Abstraction Builder

Building simple and elegant programming abstractions

The Design of a Big, Fast, and Persistent Queue

| Comments

Why a Big Queue?

This is a big data era, we are always facing challenge to find insights in big data. Last time, I have worked on the architecture and design of a large scale logging, tracing, monitoring and analytics platform, the core of the platform is a log collecting system and the core of the collector is a big queue, see figure below:

The figure above looks like a typical producing and consuming scenario, the big queue works like a broker, at the left side of the queue, there are many agents deployed on application servers, the agents work just like producers, they continuously collect log data on application servers and push them to the big queue, on the right side of the big queue, there are several analysis systems, the analysis systems work just like consumers, they continuously pull log data from the queue, analyze and store them into the backend. If you are interested in an industrial log collecting product built on this architecture, please refer to apache kafka.

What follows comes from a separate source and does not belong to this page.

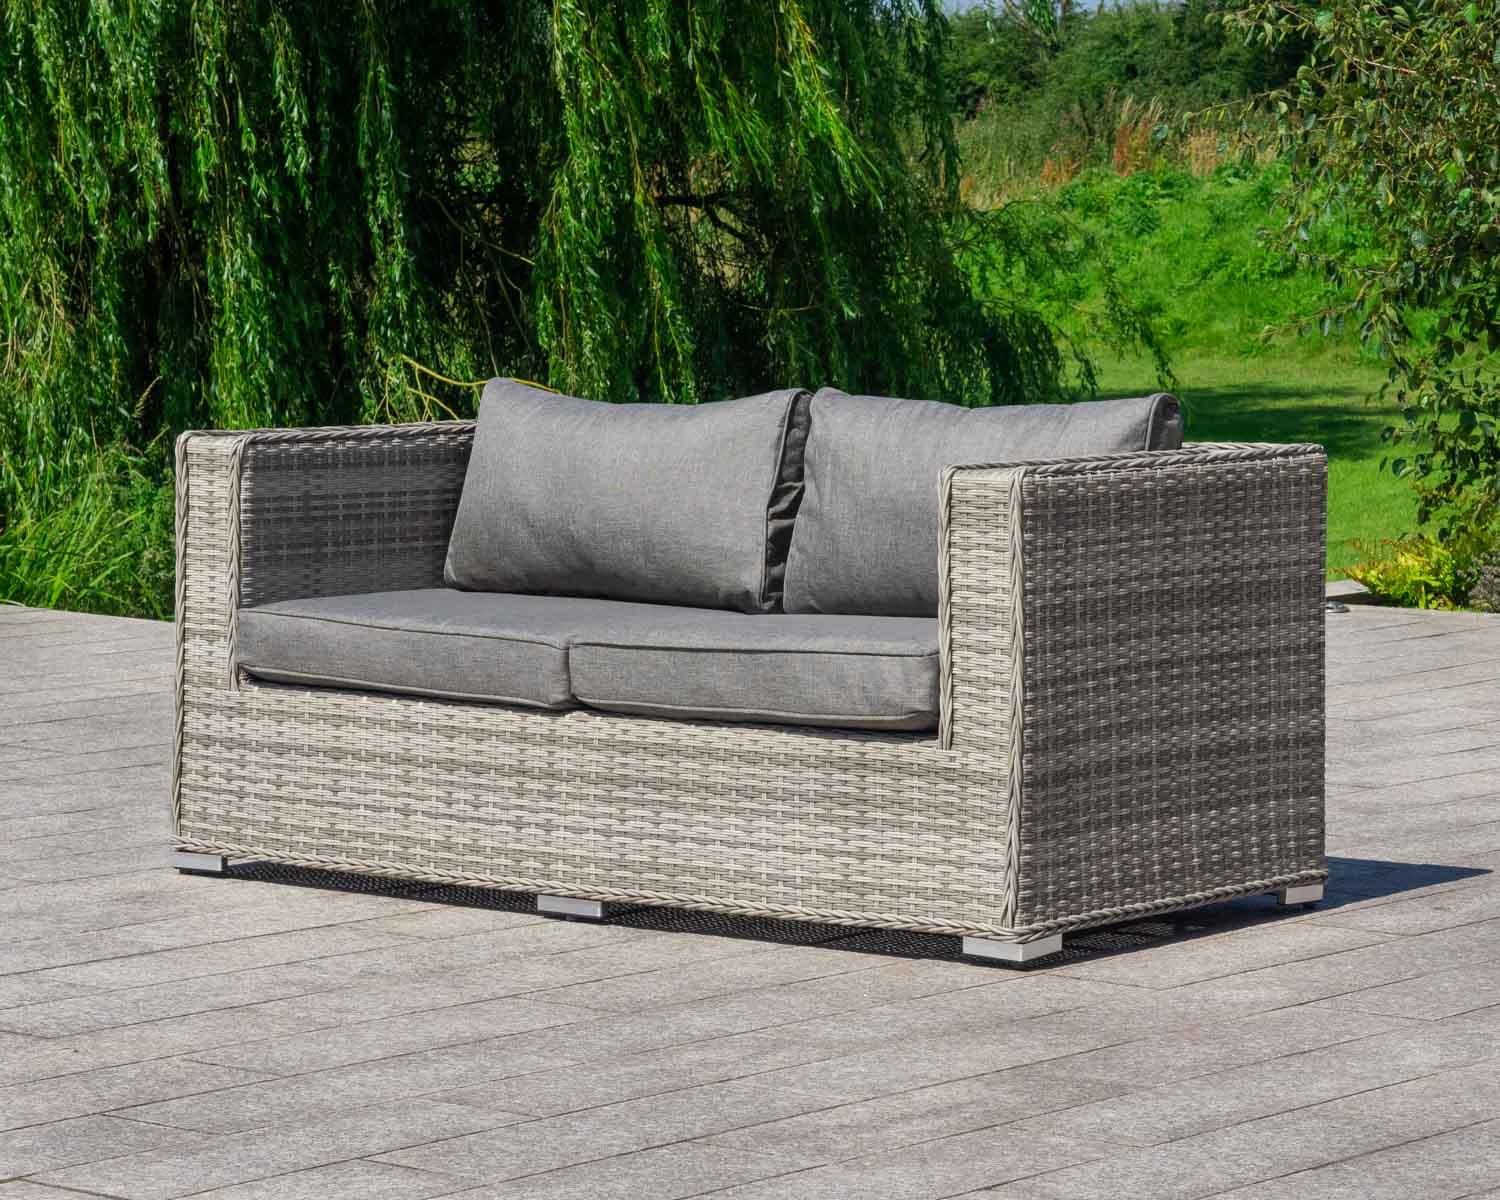 2 Seat Rattan Garden Sofa in Grey - Ascot - Rattan Garden Furniture ...

Queue is a natural fit for log data collecting scenario, by leveraging queue, consumers and producers are decoupled, both sides can work without knowing the existing of other side, consumers and producers can be added or removed as needed without affecting existing ones.

The Requirements

Basically, we need the big queue to be:

  • FAST & THREAD SAFE
    The system needs to collect logs from more than 1000 production machines, they may produce more than 100,000 logs per second(average size is 1KB), this is equal to more than 100MB per second, if the big queue can’t keep up, logs will be lost. To further improve the throughout, we want all producers and consumers to work concurrently, so the queue needs to work in a thread safe manner, otherwise, there will be data lose or corruption.
  • BIG & PERSISTENT
    Daily logs will be at TB level, the queue should have the capacity to store up to one week’s logs, In case any of the analysis system is down(for example, periodical maintenance or even crash), the queue should continue to store logs for backend system to consume later when they are up again. Also, if the big queue itself is down, the logs already stored should survive since they are persistent, when the queue is up again, it should continue to serve the consumers.
  • MEMORY EFFICIENT
    Compared with big disk storage, current computer system is still shortage of physical memory, usually, memory will be less than 32GB on a commodity machine. We need the queue to use memory efficiently though it needs to handle logs more than 100MB per second and at TB level daily.

The Design Thinking Flow

Below is a simple and elegant design of the big queue I come up with to meet the requirements and challenges above:

Usually, when I design something, I follow a top-down abstract thinking flow: as I learned in data structure course in college long ago, a queue data structure is usually built on an array data structure, so before I can build a queue I need to build an array first, the array I need should have following characters: first, it should be as fast as in memory access; second, it should be disk backed(hence it will be big and persistent). Seems there is contradiction between these two characters: if you need something fast, you need to put it in memory which is volatile and only has limited capacity, if you need something big and persistent, you need to put it on disk which has much slower access speed than physical memory, is there a technology to resolve these two contradictions? After an intensive research, I finally found memory mapped file which seems a natural bridge between psychical memory and disk, if you need background about memory mapped file, here and here are two good references. Now let’s continue the top-down thinking flow, before I can build a big array, I need to build a data structure called memory mapped page which can bridge the gap between speed and capacity, at the same time, I need some auxiliary structures to manage mapped pages in a memory efficient way, in the design figure above, these auxiliary structures are called mapped page factory and LRU cache. Whenever big array needs a mapped page, it requests one from the mapped page factory and returns it to the factory when it has done with the page. Mapped page factory encapsulates algorithm to allocate, cache and recycle mapped pages in a memory efficient and thread safe way by leveraging LUR cache structure.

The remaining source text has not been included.